# PROBLEM TO SOLVE
As you print the data below, keep every line exactly as it is and leave the images behind.

# DATASET SECTION
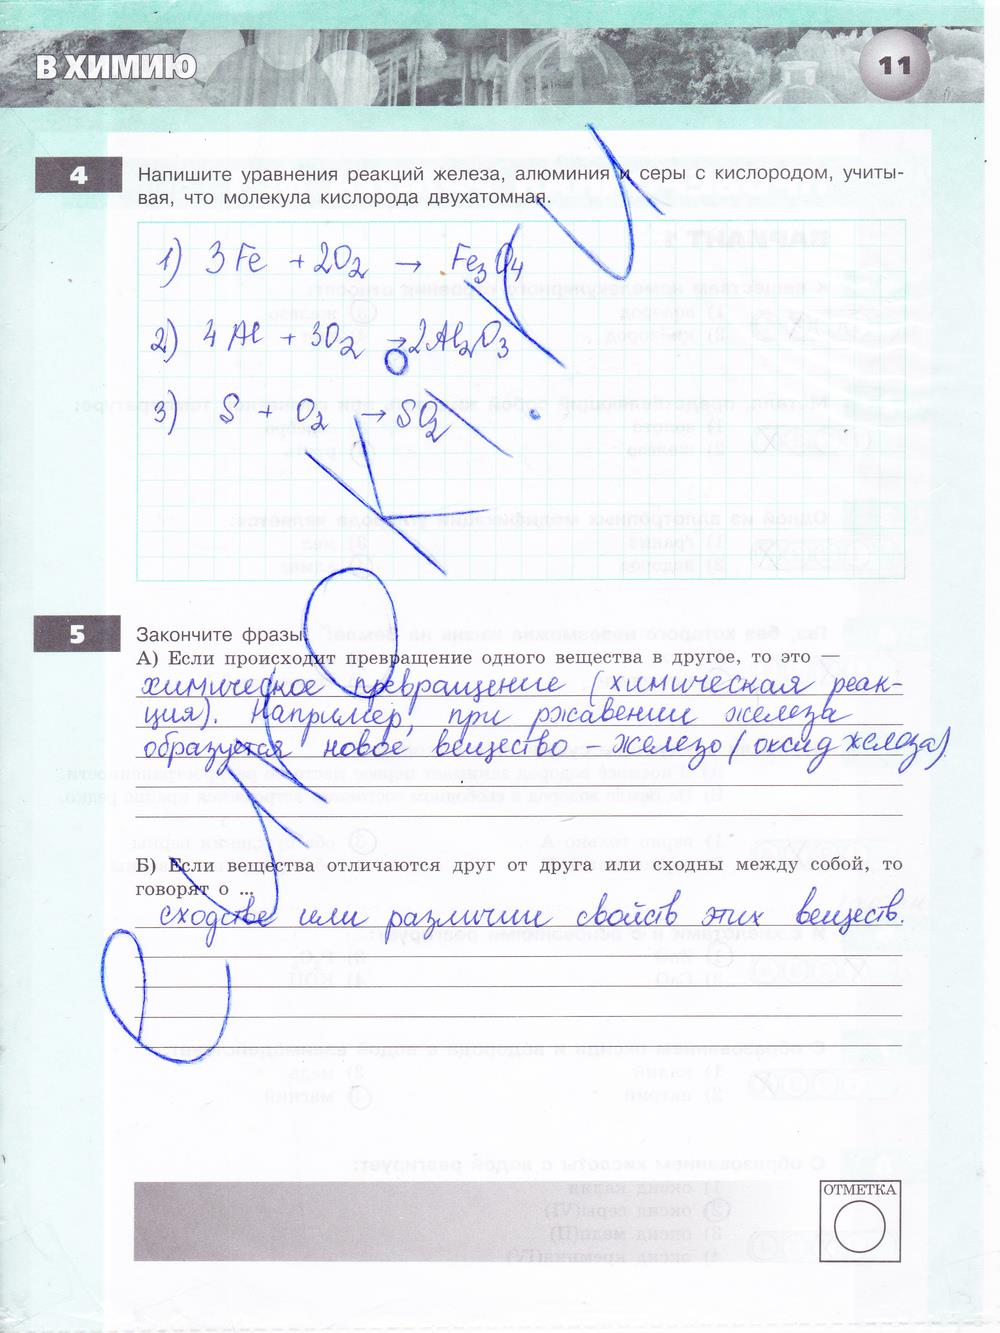 гдз 8 класс тетрадь-экзаменатор страница 11 химия Бобылева, Бирюлина
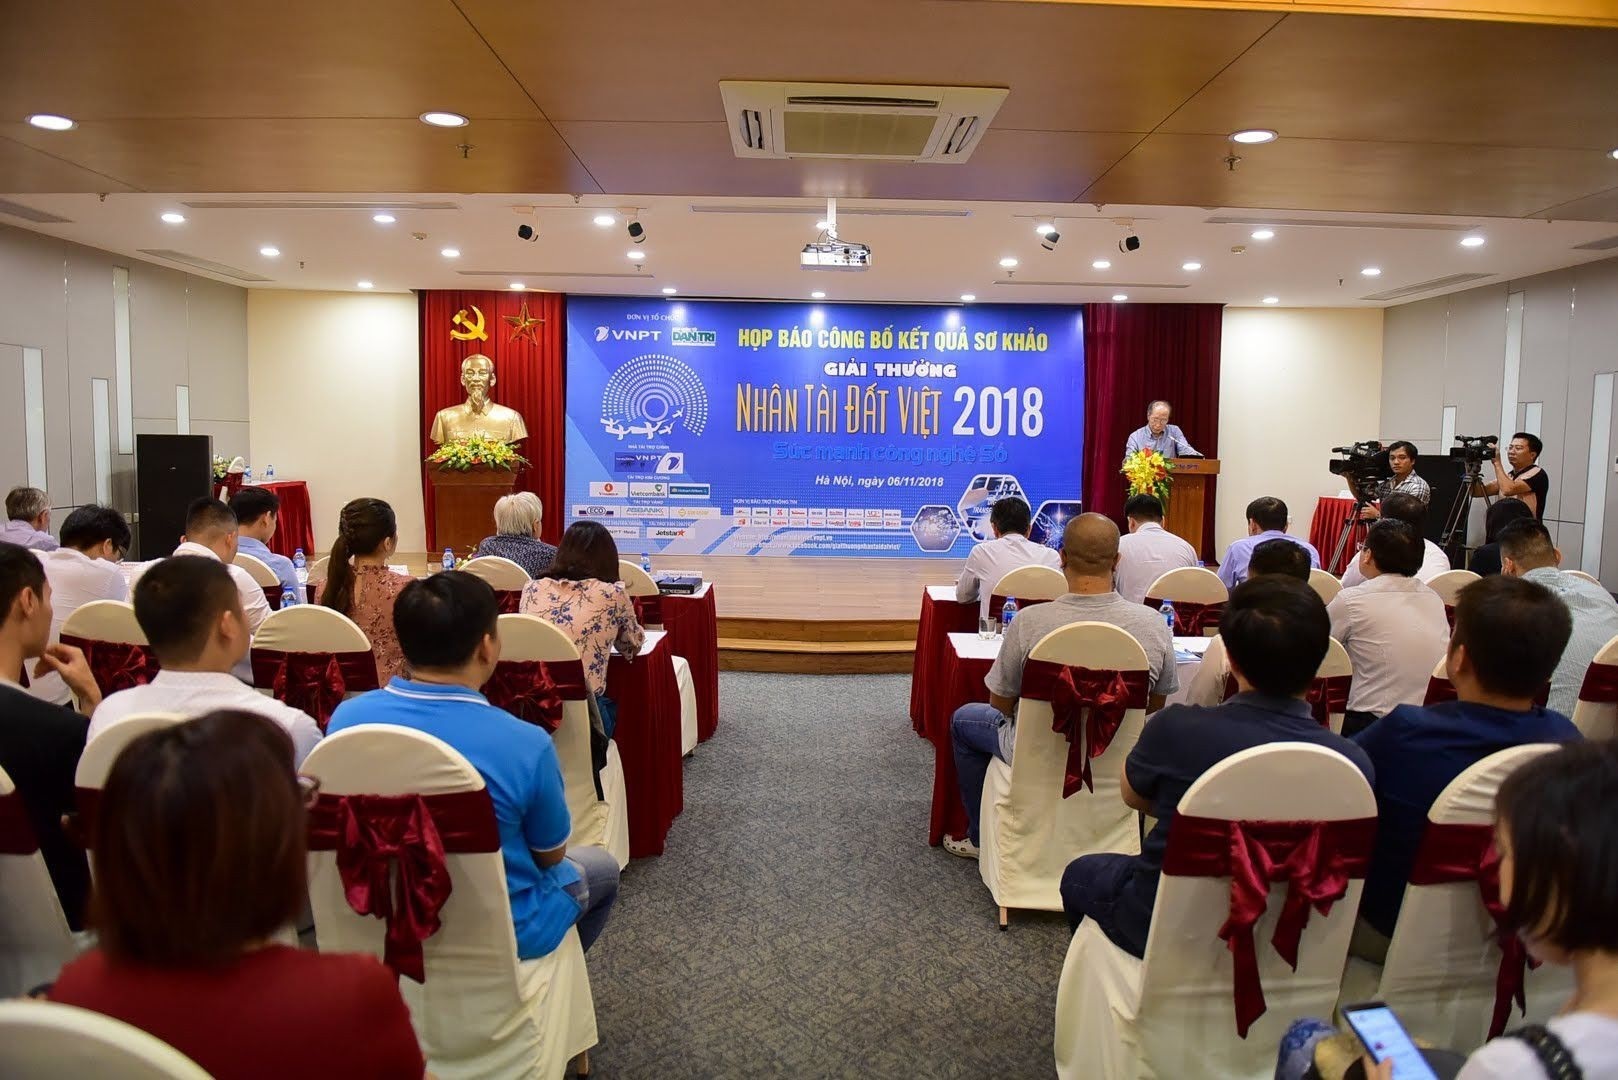  Buổi họp báo công bố kết quả sơ khảo NTĐV 2018 diễn ra chiều 6/11 tại Hà Nội. 
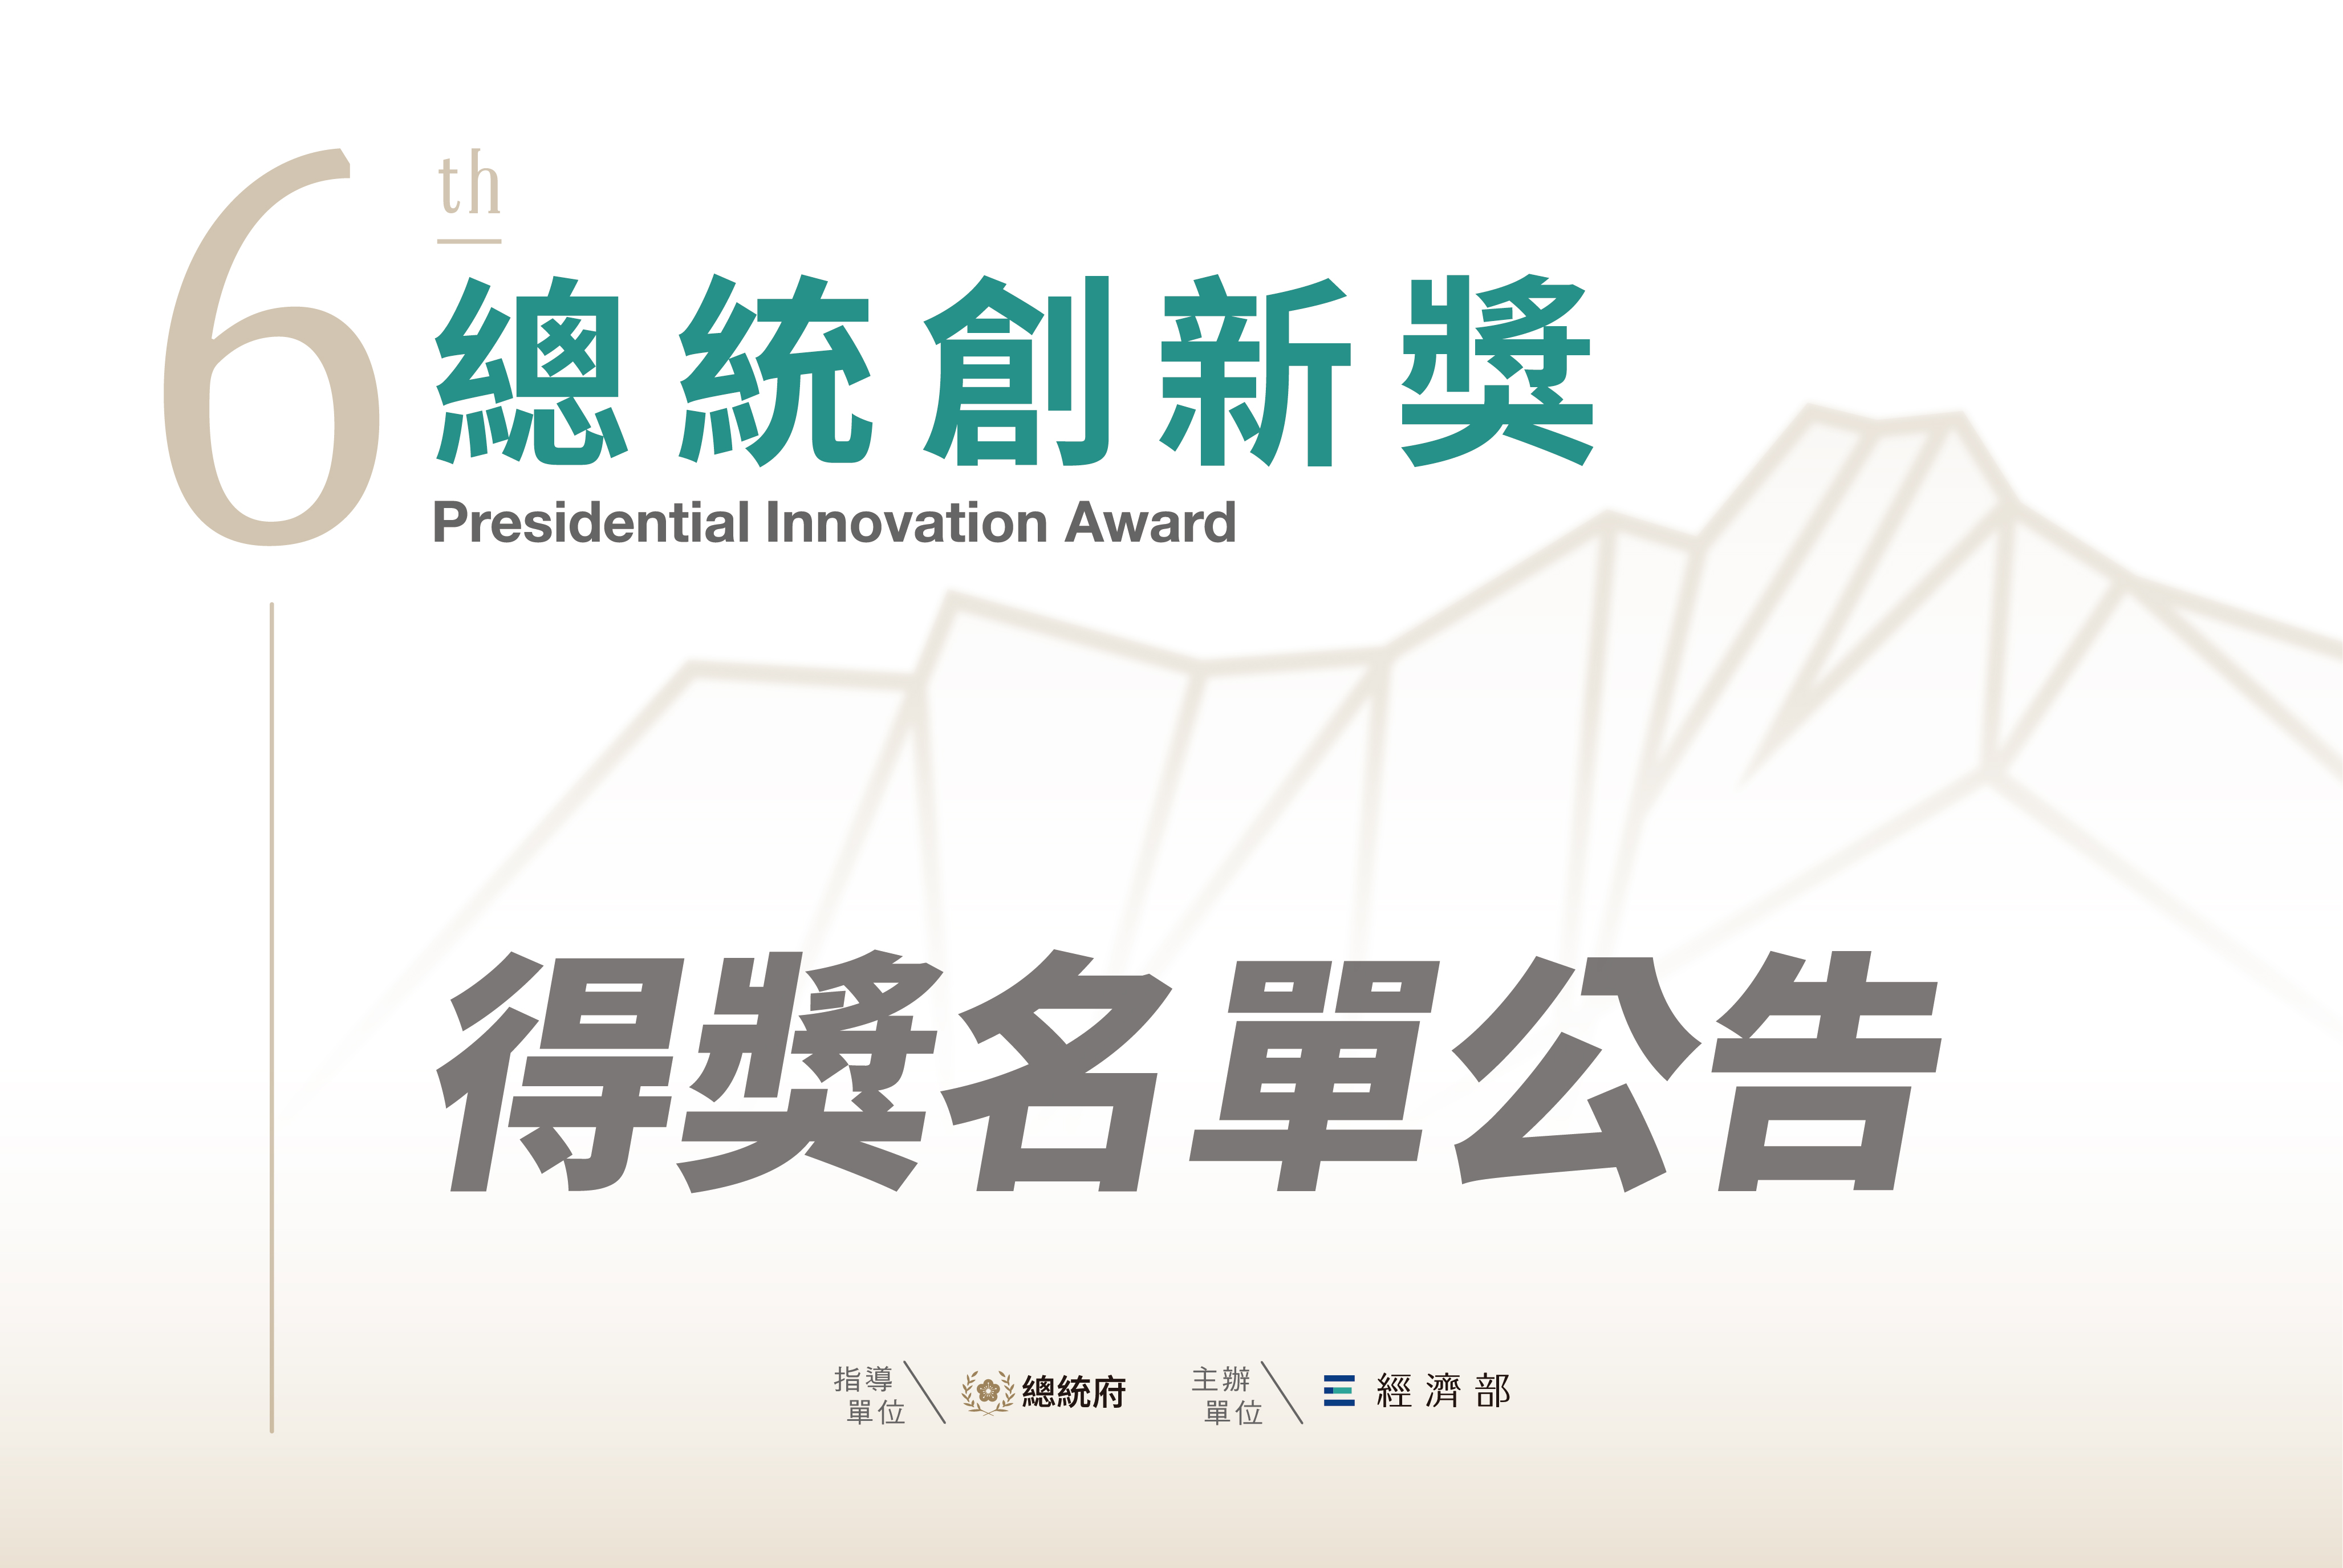 第六屆「總統創新獎」得獎名單
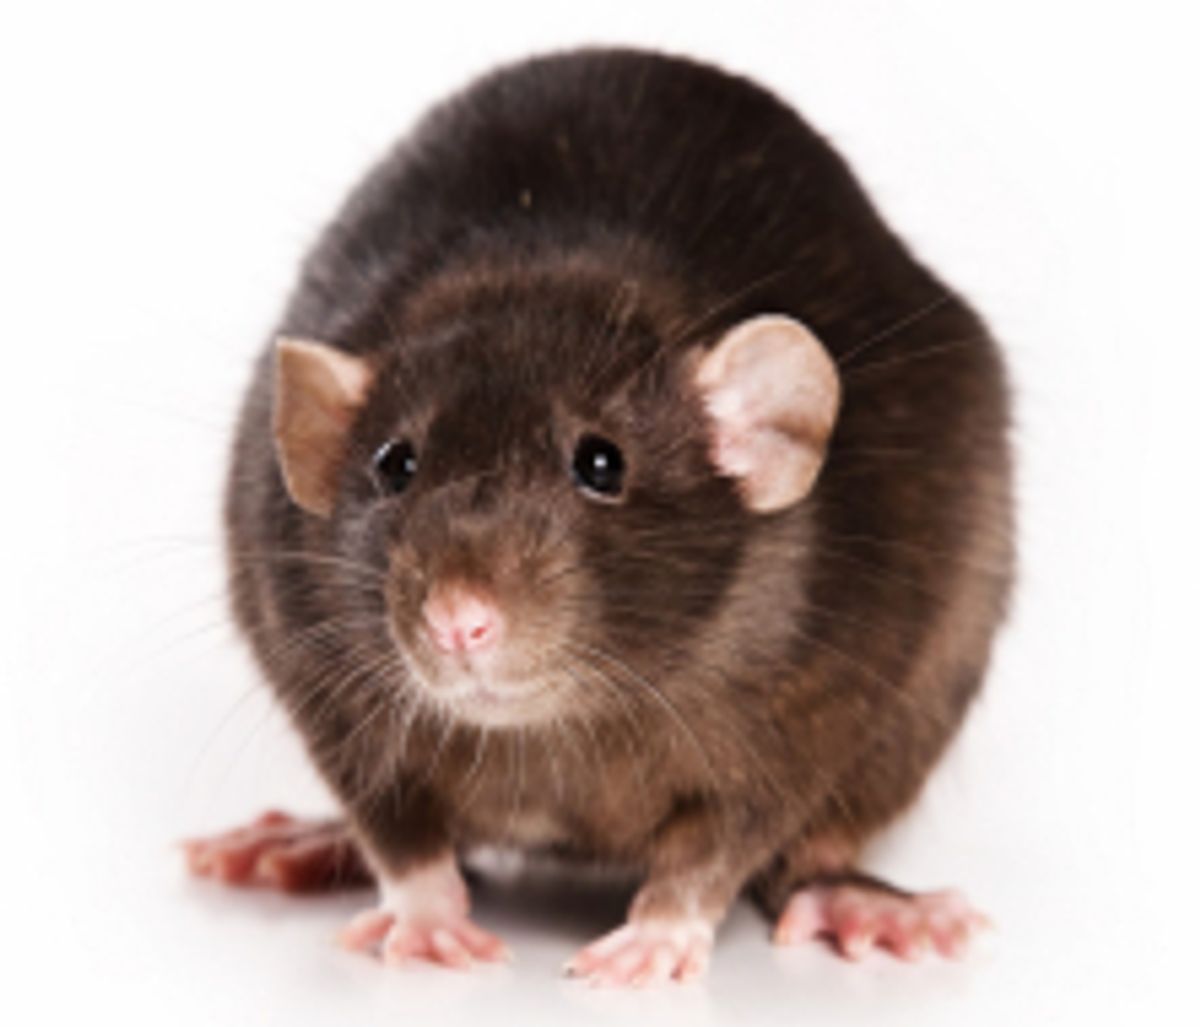 Kombinera Ljud och Ljus för att Skrämma bort Råttor: En Innovativ lösning mot gnagare

# WRITTEN ANSWER
 гдз 8 класс тетрадь-экзаменатор страница 11 химия Бобылева, Бирюлина
  Buổi họp báo công bố kết quả sơ khảo NTĐV 2018 diễn ra chiều 6/11 tại Hà Nội. 
 第六屆「總統創新獎」得獎名單
 Kombinera Ljud och Ljus för att Skrämma bort Råttor: En Innovativ lösning mot gnagare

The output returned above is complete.